Si ponemos la percepción escénica más que en un plano ficcional en un plano de comunicación paranormal que responde a una comunicación no-sensorial o de lo que en parapsicología llaman del tipo B, deberemos proceder a una simple cuestión de cambio de paradigma, sobretodo si consideramos que la comunicación inter-actoral empieza antes desde una plataforma imaginaria, esto es, no sensorial. Hasta allí puede aceptarse que ese período fuertemente sellado por una convención, necesite de la ‘fé escénica’. Pero si seguimos el paradigma parapsicológico, la fe escénica ha de hallar una culminación, un fin.

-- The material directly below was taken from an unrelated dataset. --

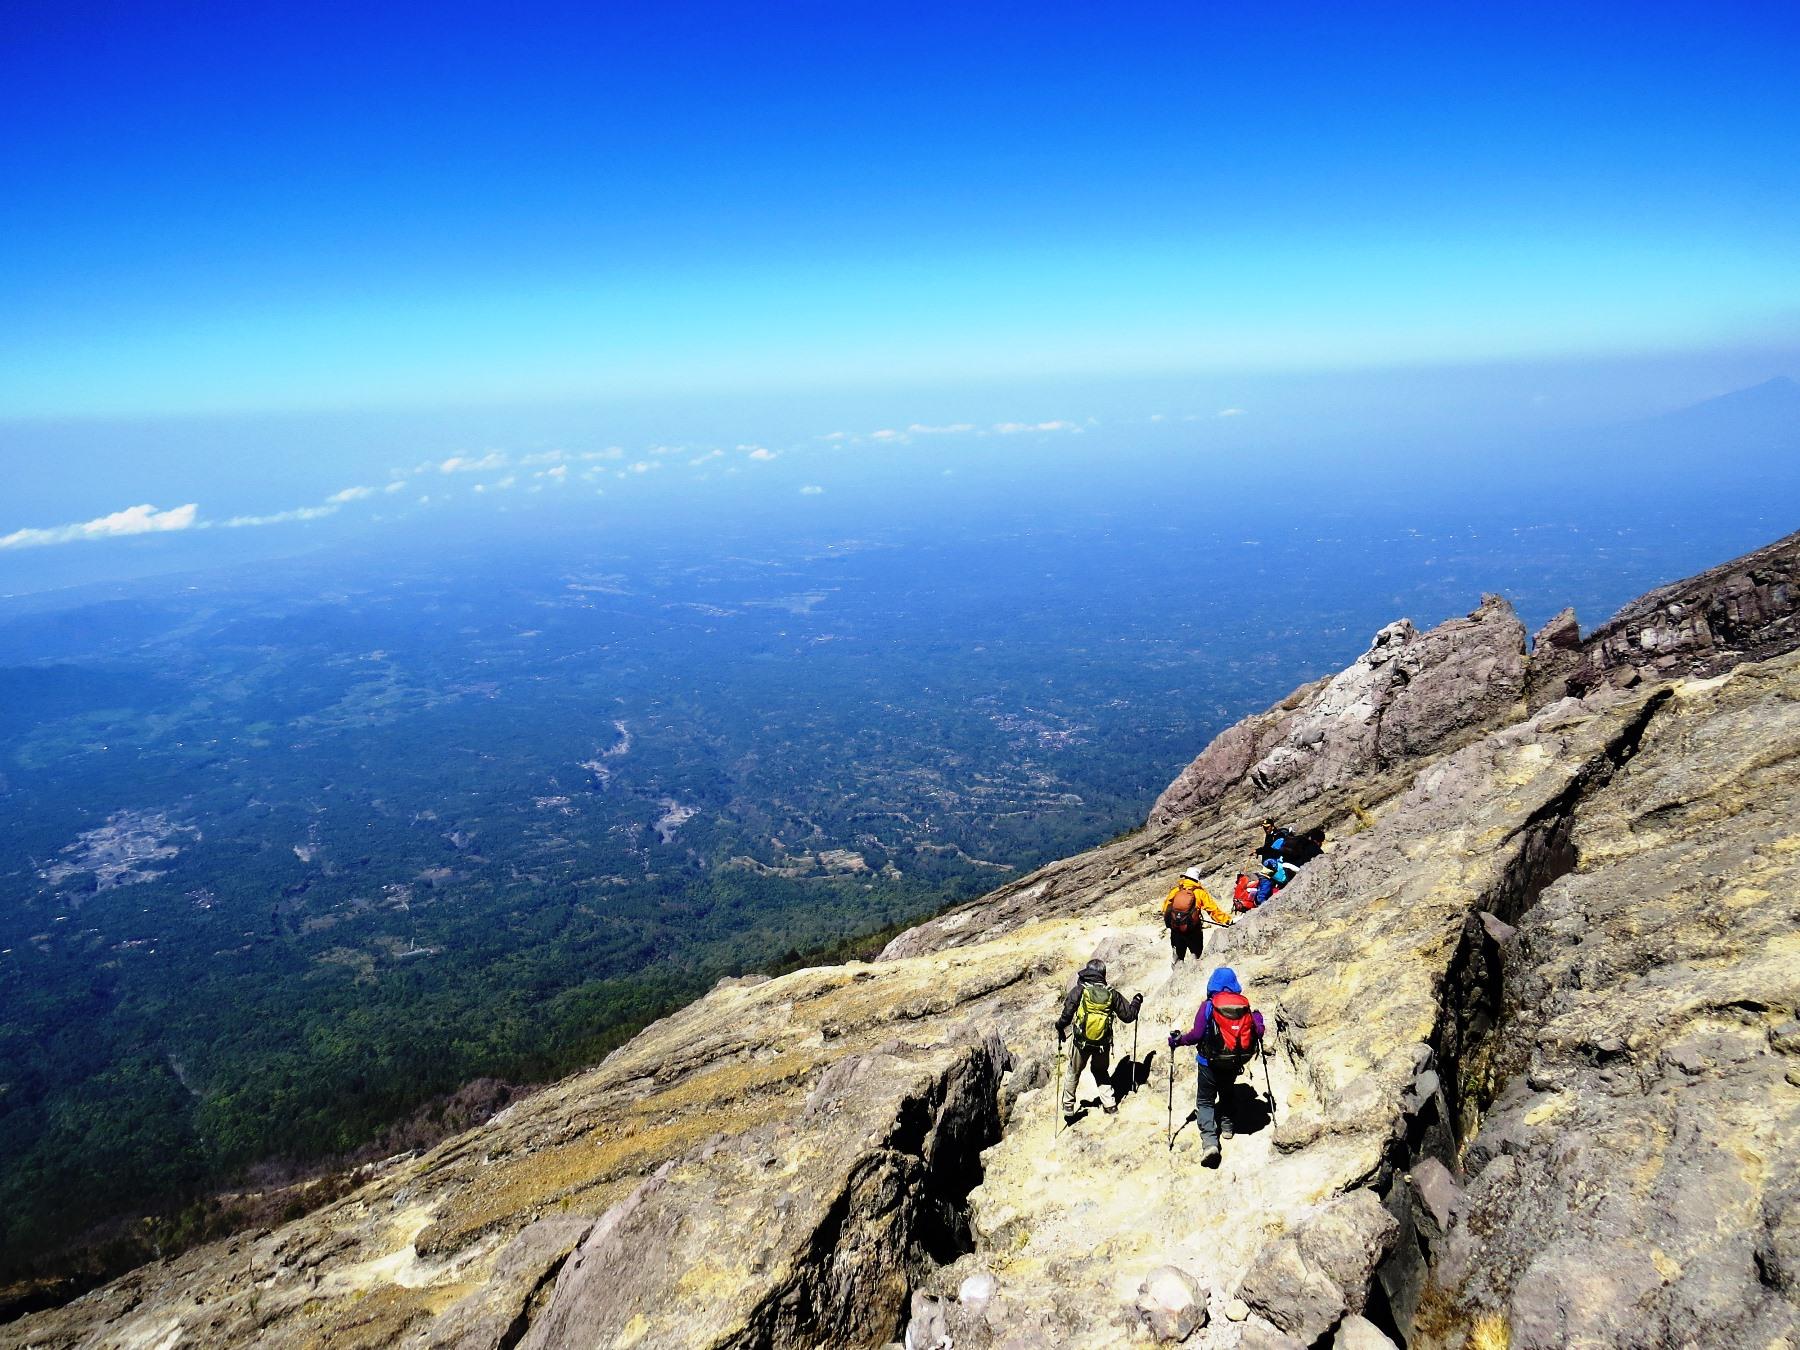 広大な緑の大地を眼下にバリ島最高峰アグン山を行く

A partir del cual se abre el de una fisicalidad, el de una materialidad objetiva similar al que los científicos paranormales reivindican para ciertos fenómenos que no han podido ser develados desde los grandes relatos newtonianos. Esa ‘materialidad’ supera necesariamente la fe o no precisa de ella. En todo caso, certificar que funciona por ella, es un mal signo. Con lo que al final, todo arte es el extremo de una fe. El arte es decolonial de esa fe judeo-cristiana para todo ‘oxidental’ que no quiere oxidarse. En los análisis de los ‘procesos inter-accionales’ de un antropólogo como Lewin aparece considerado el tema de la cohesión, que es un poco lo que para solventar un diálogo dramático, deben afrontar dos actores/actrices. En el teatro, el campo de diálogo es un campo de cohesión, una zona de fuerza, una fuerza. Con lo que la fe es un acto que marca la magna intuición de lo virtual y aún inexistente e improbable. Pero hay un momento en que la fisicalidad de esa zona de fuerza material de la escena, requiere la mensura y la valoración que se le destina a magnitudes concretas, en tanto son objetivas y no abstrusos buñuelos de éter. Y lo que no es menos objetivo, es el campo subjetivo que demanda de mi gusto, de mis sentidos.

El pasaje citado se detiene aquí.